- Problem requirements -
Transcribe everything in the listing as written, and let no image into the copy.

- Input data -

"""

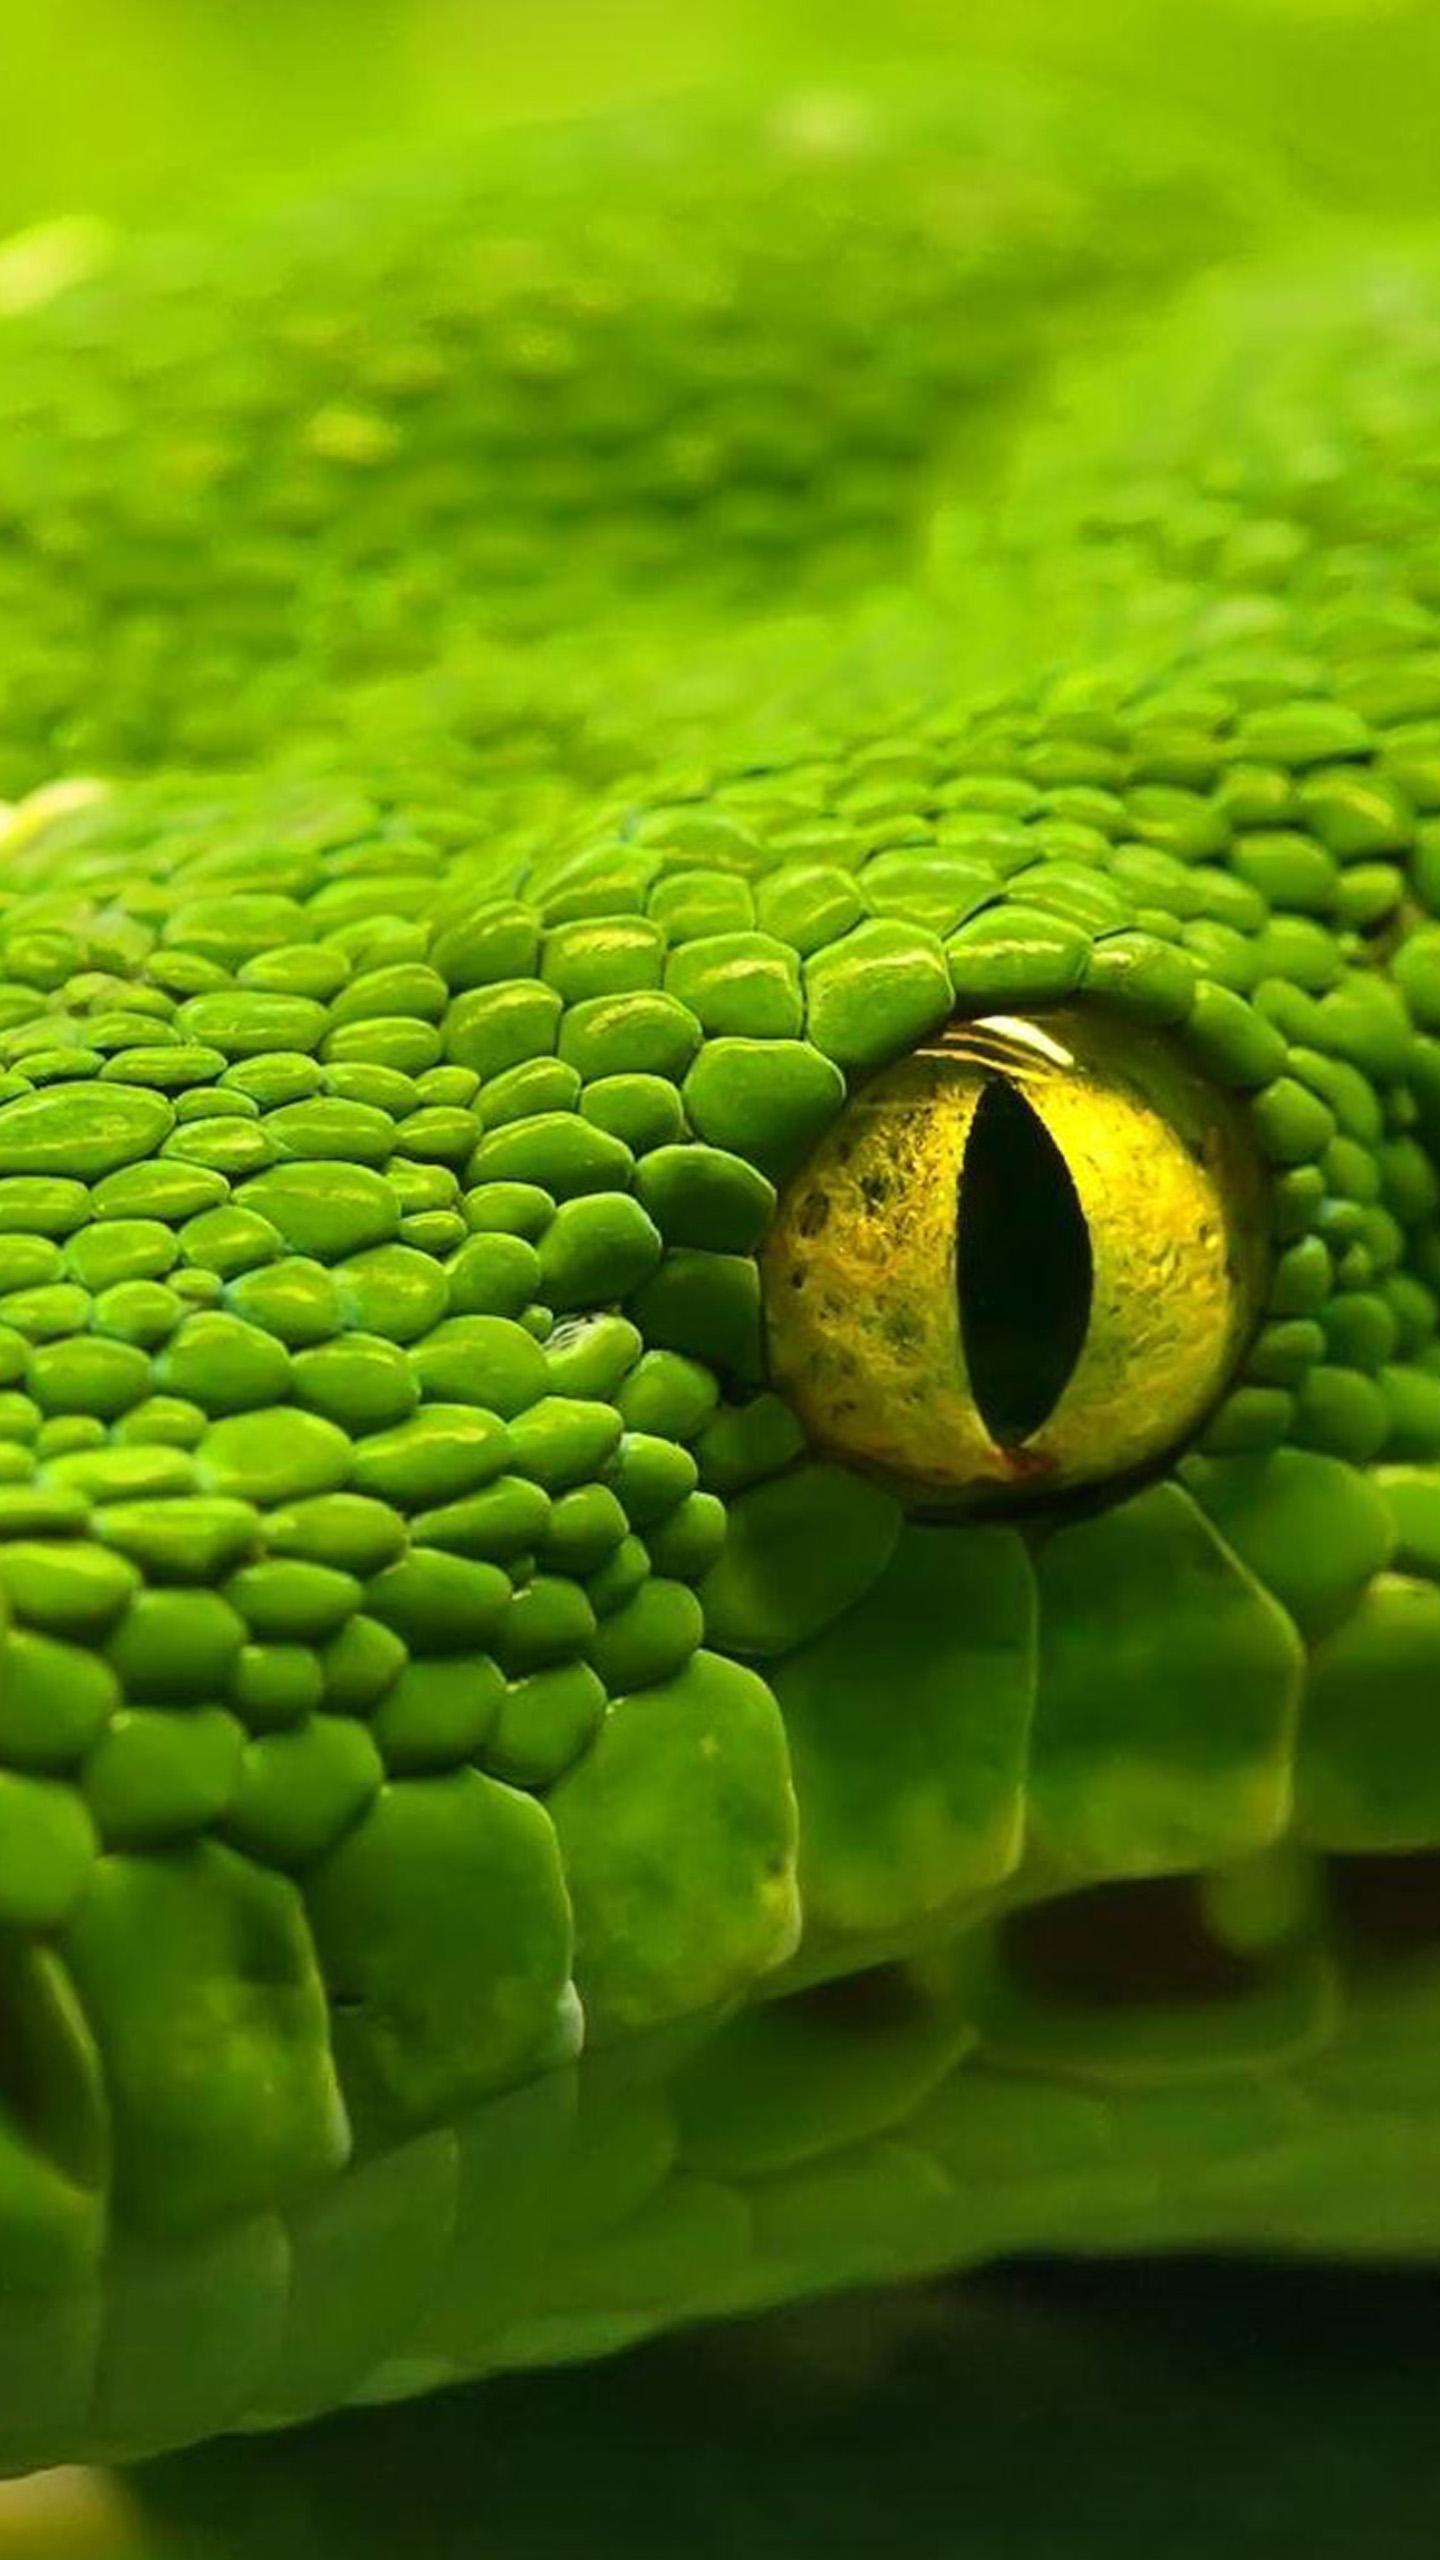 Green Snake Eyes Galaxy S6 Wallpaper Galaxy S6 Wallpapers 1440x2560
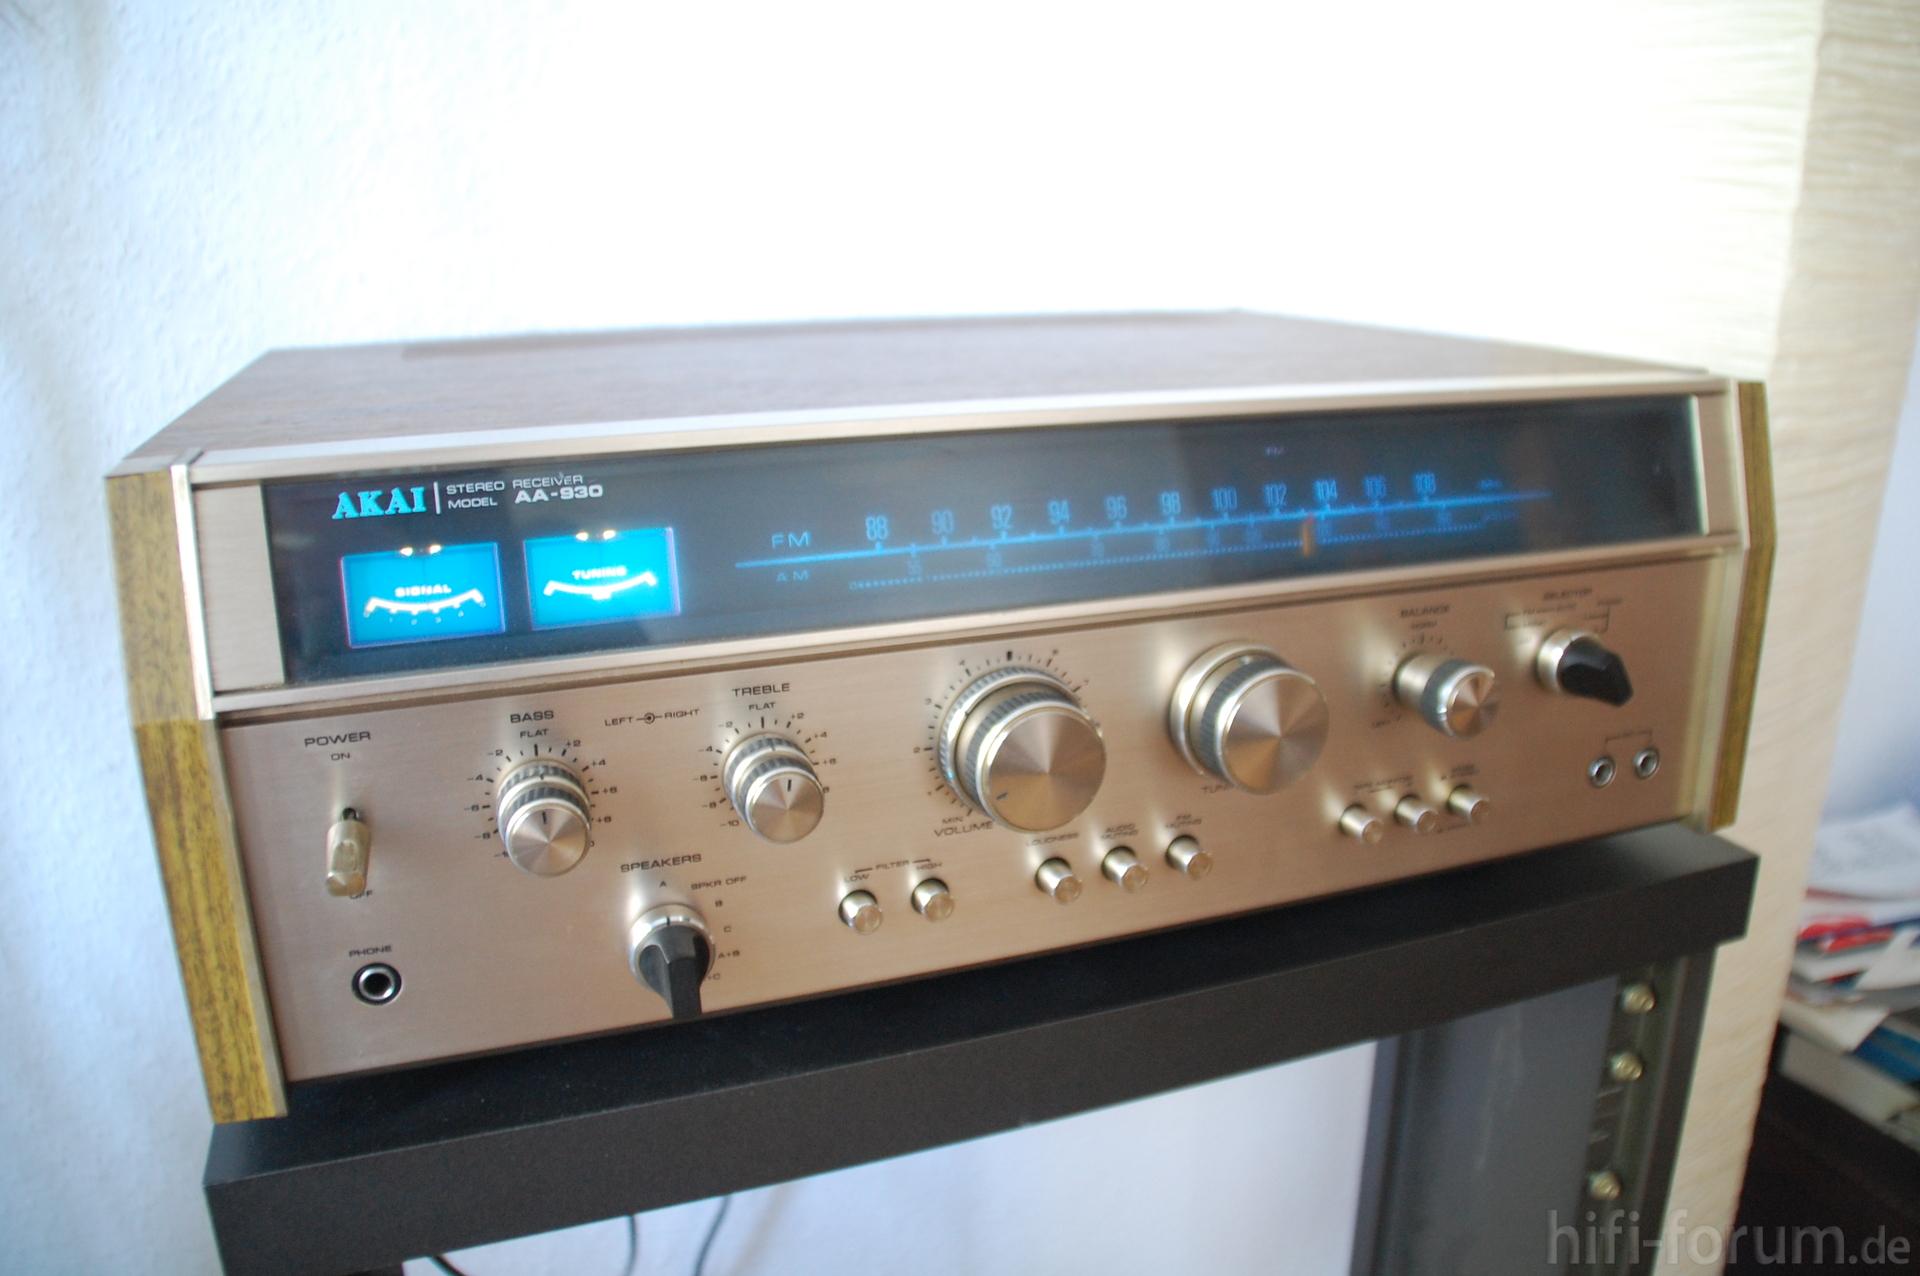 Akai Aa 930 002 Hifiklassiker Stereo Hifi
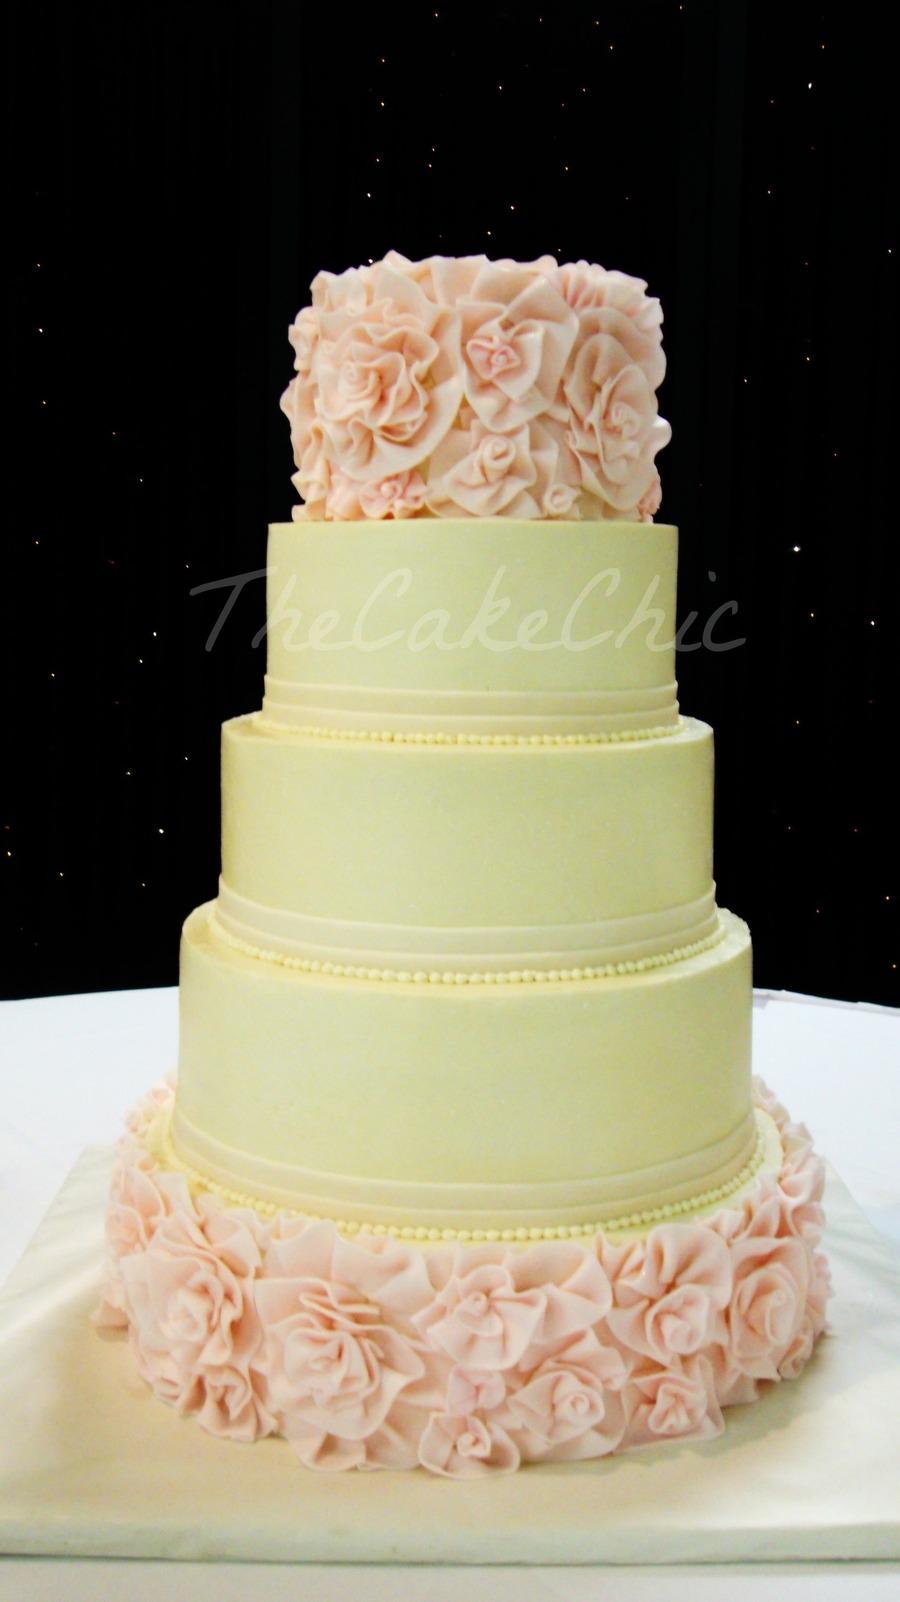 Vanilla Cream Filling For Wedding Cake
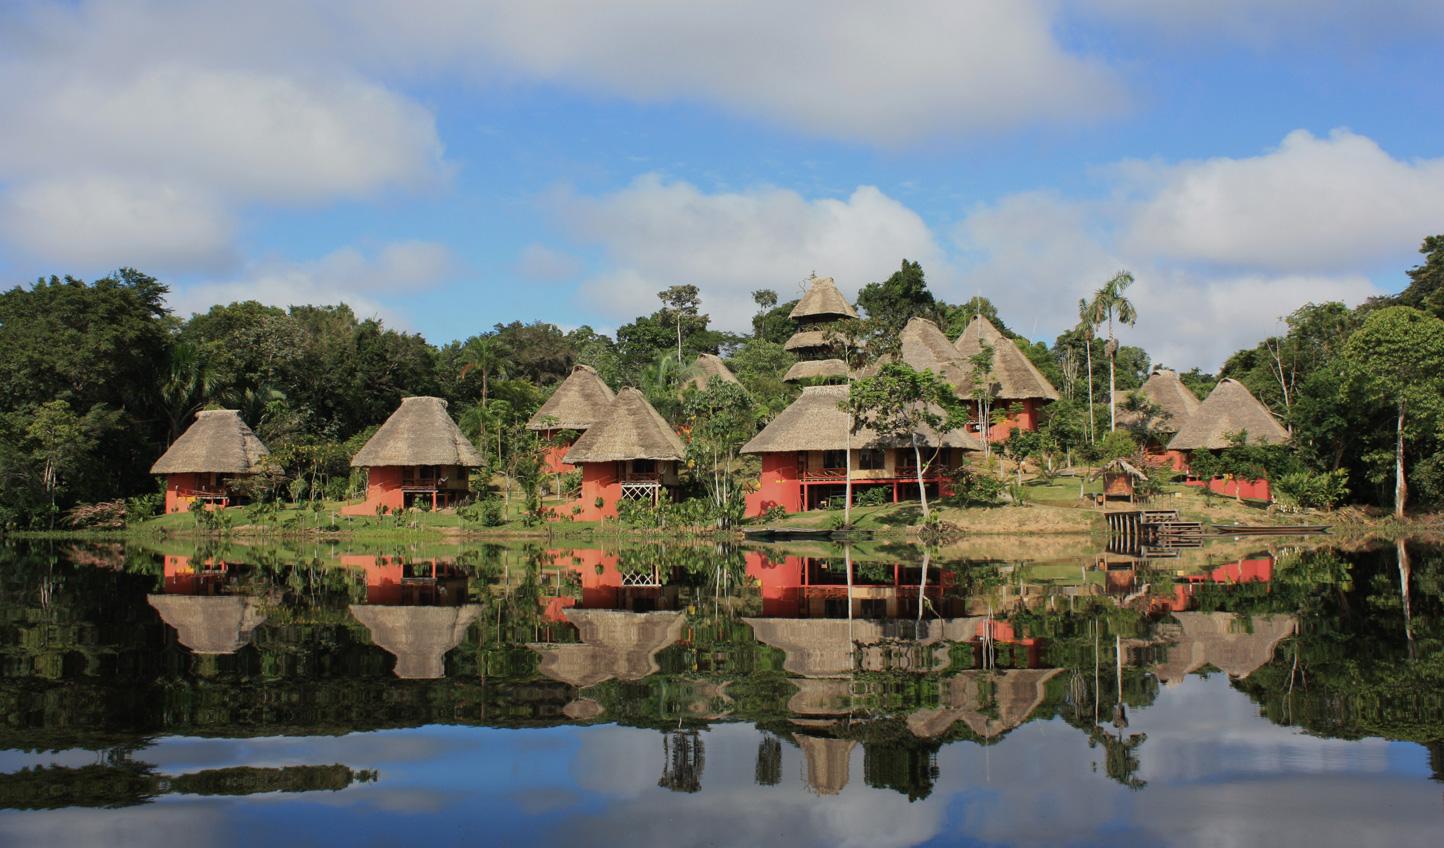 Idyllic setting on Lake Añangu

"""

- Answer section -
 Green Snake Eyes Galaxy S6 Wallpaper Galaxy S6 Wallpapers 1440x2560
 Akai Aa 930 002 Hifiklassiker Stereo Hifi
 Vanilla Cream Filling For Wedding Cake
 Idyllic setting on Lake Añangu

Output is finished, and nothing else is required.